Grob überschlagen, sollte der Preis einer Immobilie das Sechsfache des Bruttohaushaltseinkommens nicht überschreiten.

Das Wunschobjekt muss finanzierbar sein. Grob überschlagen, kann sich ein Haushalt eine Immobilie leisten, deren Preis etwa beim Sechsfachen des Bruttohaushaltseinkommens liegt. Doch damit ist es noch nicht getan. Die laufenden Kosten werden bei der Realisierung des Traums von den eigenen vier Wänden gerne unterschätzt. Dazu zählen nicht nur Hypothekarzahlungen und Amortisation, sondern auch Unterhaltskosten. Diese sollten mit etwa 1 bis 1,5 Prozent des Gebäudewerts veranschlagt werden. Und selbst wenn diese Summe in einem Jahr unterschritten wird, tut man gut daran, trotzdem für den Unterhalt zu sparen – denn die nächste grössere Renovation kommt bestimmt.

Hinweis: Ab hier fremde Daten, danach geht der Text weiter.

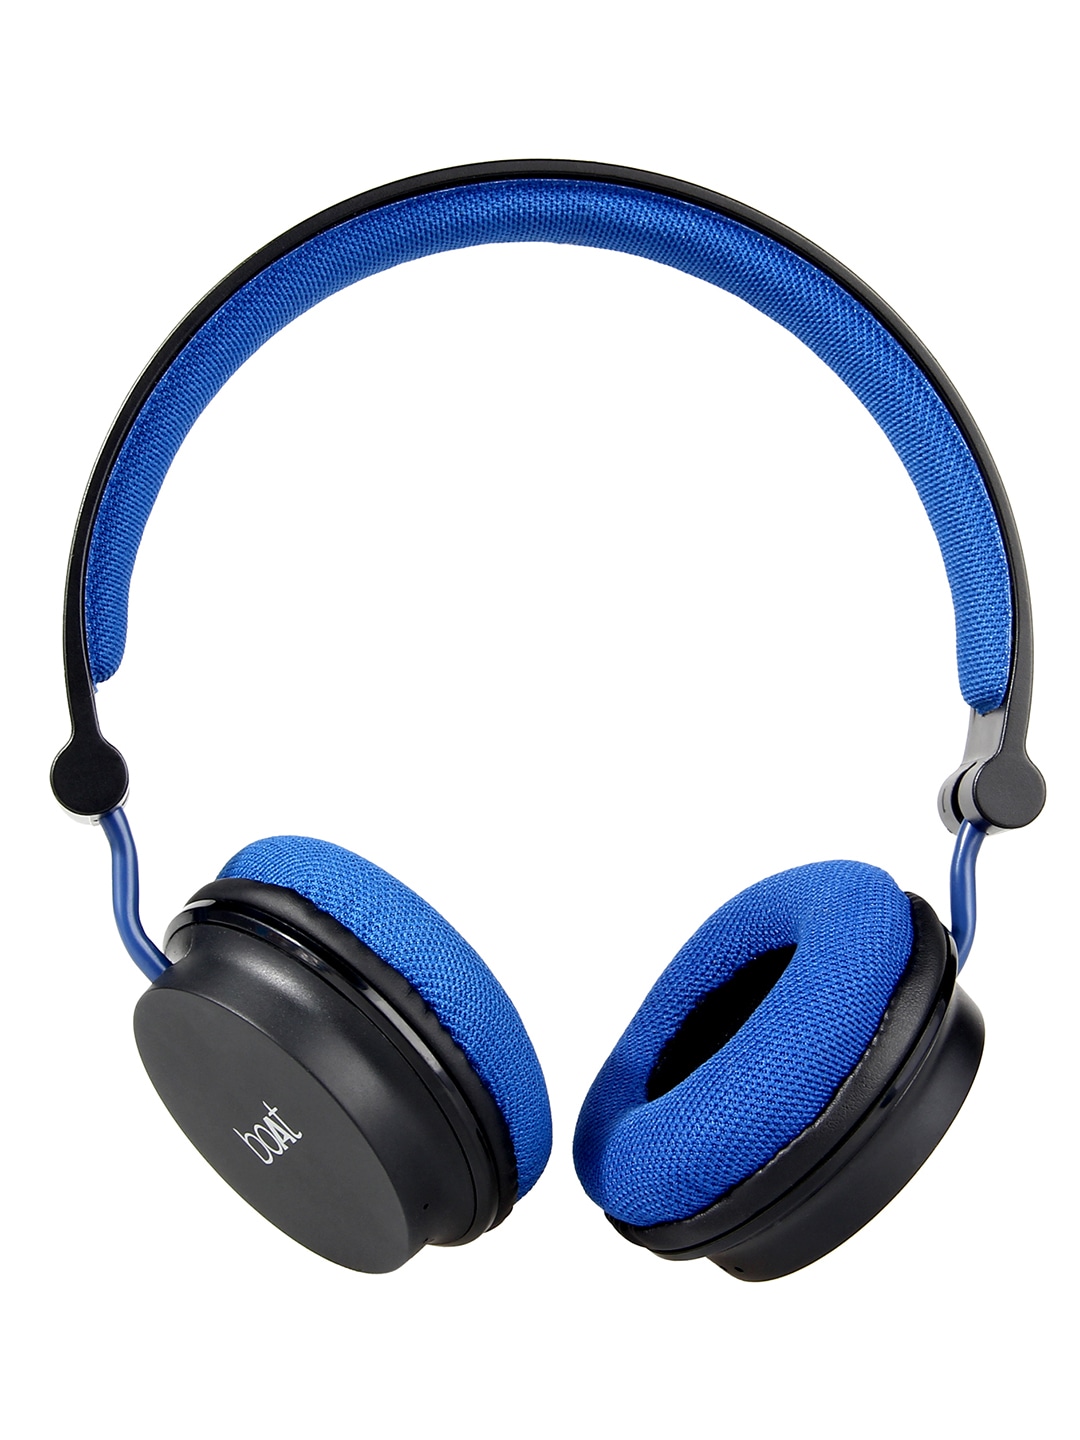 For 796/-(60% Off) boAt Unisex Black & Blue Rockerz 400 Wireless On Ear Bluetooth Headphones with Mic at Myntra

Bei der Auswahl des Wunschobjekts lohnt es sich, die standortgebundenen Kosten – also Steuerbelastung, Krankenversicherungsprämien und Immobilienpreise – im Auge zu behalten. Denn diese variieren je nach Gemeinde beträchtlich. Der Unterschied zwischen der günstigsten und der teuersten Gemeinde beträgt bei 100 Quadratmetern Wohnfläche rund 30 Prozent. In Gemeinden mit tiefen Steuern sind die Immobilienpreise tendenziell höher, was Steuereinsparungen gerade für Haushalte mit tieferen Einkommen komplett zunichtemachen kann. Das Wohnen in Tiefsteuergemeinden lohnt sich vor allem für Haushalte mit hohen Einkommen, denn für sie machen Einkommenssteuern den Grossteil der standortgebundenen Kosten aus.

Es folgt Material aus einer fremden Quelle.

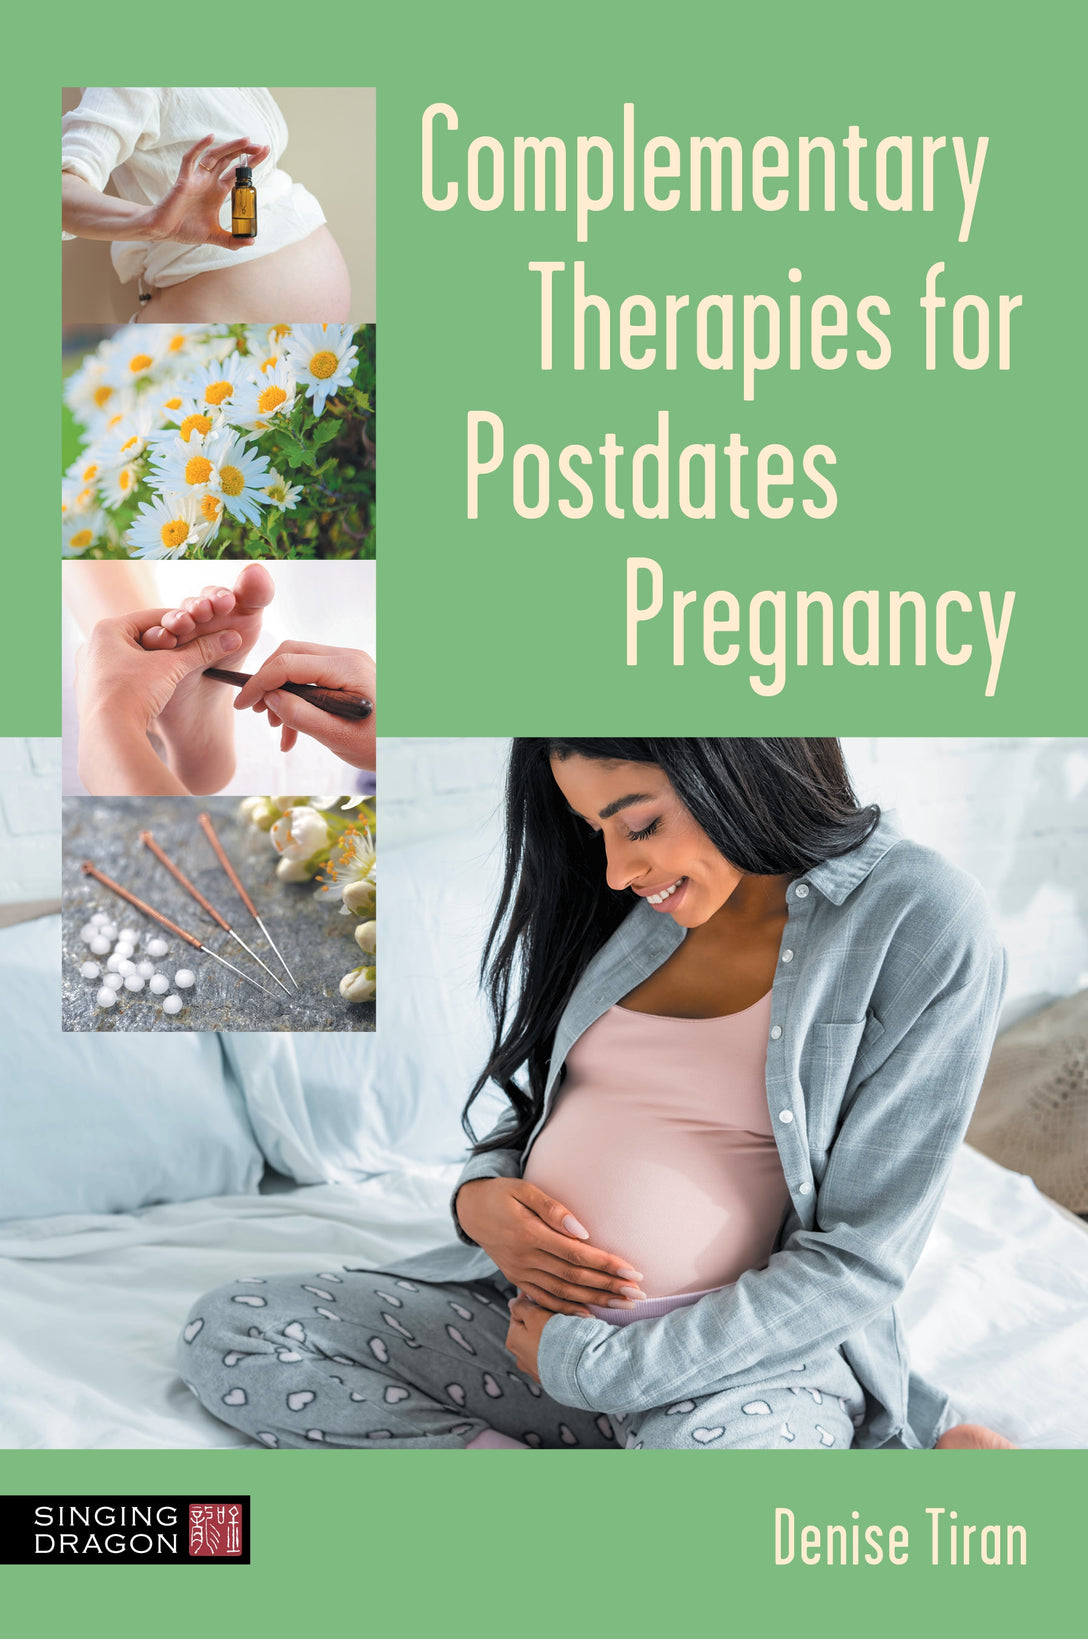 Complementary Therapies for Postdates Pregnancy by Denise Tiran

Der Standort zählt, speziell beim Weitervermieten

Eine gute Lage ist besonders relevant, wenn die Eigentümer ihre Liegenschaft nicht selbst nutzen, sondern vermieten möchten. Denn der Mietwohnungsleerstand dürfte letztes Jahr seine bisherige Höchstmarke von knapp 3 Prozent geknackt und zum Rückgang der Marktmieten um 2 Prozent im Vorjahresvergleich beigetragen haben. In Regionen mit hohem Leerstand und geringem Bevölkerungswachstum ist das Risiko, eine Wohnung nicht vermieten zu können, besonders hoch.

In den Zentren und ihren Agglomerationen hingegen wurde neuer Wohnraum von der hohen Nachfrage bisher absorbiert. Die Wohnungsnachfrage könnte sich aber in die erweiterte Agglomeration verschieben. Denn ein zusätzliches Zimmer bei gleichbleibenden Wohnkosten «kostet» rund 20 Minuten mehr Arbeitsweg. Auch bei der Vermietung von Wohneigentum könnte das vermehrte Arbeiten im Homeoffice die Karten also zumindest etwas durcheinanderwirbeln.

Katharina Hofer, Chief Investment Office UBS GWM

Katharina Hofer ist Ökonomin und Immobilienexpertin im Chief Investment Office bei UBS. Sie hat in Volkswirtschaftslehre an der Universität St. Gallen promoviert und arbeitet seit 2018 bei UBS.